You may have heard of the Pareto principle [also known as the 80-20 rule]: it says that for many phenomena, 80 per cent of the effect arises from 20 per cent of the causes. Even your small investment mistakes too have that impact on your overall finances. My promise to you is that if you take care of the five points discussed below, a good deal of your financial planning related problems will get taken care of.
No written plan or strategy
The first thing you need is to prepare a written financial plan to give concreteness to your plans and ensure that you don’t deviate from the course.
Since most individual investors lack the knowledge for preparing a detailed plan, it is best to approach a trained financial planner to get this work done. The financial planner will ask you to fill up a detailed questionnaire to gauge your risk appetite, your current financial situation and your goals among other things. It is on the basis of this information that the plan is prepared. When your plan is unclear, you end up investing wrong. If your portfolio of wrong investments is big and a lot of time has gone by, undoing these mistakes becomes costly and difficult.
A correlated mistake is to buy the flavour-of-the-day product. When the equity markets are doing well, the launch of NFOs [new fund offers], sector funds, and IPOs [initial public offerings] becomes frequent. The investor is lured into buying these high-risk products that he can well do without. Then the bull run ends, the value of these investments crashes, and the investor regrets his impulsive purchases.
So, get a basic portfolio in place with a select number of correct products and then stay the course.
Wrong insurance policies
I come across numerous portfolios where the bulk of a person’s investments are in insurance-cum-investment products, such as ULIPS [unit-linked insurance plans], moneyback and endowment plans. This creates problems. The first problem is that investing in insurance-cum-investment plans leaves us inadequately insured despite paying a high annual premium. The second problem is that these products are costly and affect final returns. Some products have high surrender charges in the initial years, which makes opting out of them difficult even if we are dissatisfied with them.

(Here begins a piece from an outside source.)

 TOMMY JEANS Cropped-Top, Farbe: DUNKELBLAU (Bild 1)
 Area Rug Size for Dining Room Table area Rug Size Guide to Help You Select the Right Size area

To avoid these troubles, buy a term plan from an insurance company for adequate insurance cover and use mutual funds to meet your investment goals. As said, get adequate insurance. The sum assured of the term plan must be sufficient to replace the breadwinner’s income in case of an eventuality. To determine the right sum assured, most people follow the rule of thumb: sum assured equal to 10 times annual salary.
Also, most working couples depend just on employer-sponsored health plans. But what if you fall ill between jobs? This is not as uncommon as you might think. When Lance Armstrong, bicycling champion and seven time winner of the Tour de France, was diagnosed with cancer, he was in the midst of changing his team [sponsor] and was without an insurance cover. Besides, getting health insurance is difficult once you cross late 40s.
Not enough kept aside
A number of double-income couples who, despite earning well, don’t save enough. Many live for the day, splurging on whatever catches their fancy. Worse still, some even rake up personal loans and large credit card debt.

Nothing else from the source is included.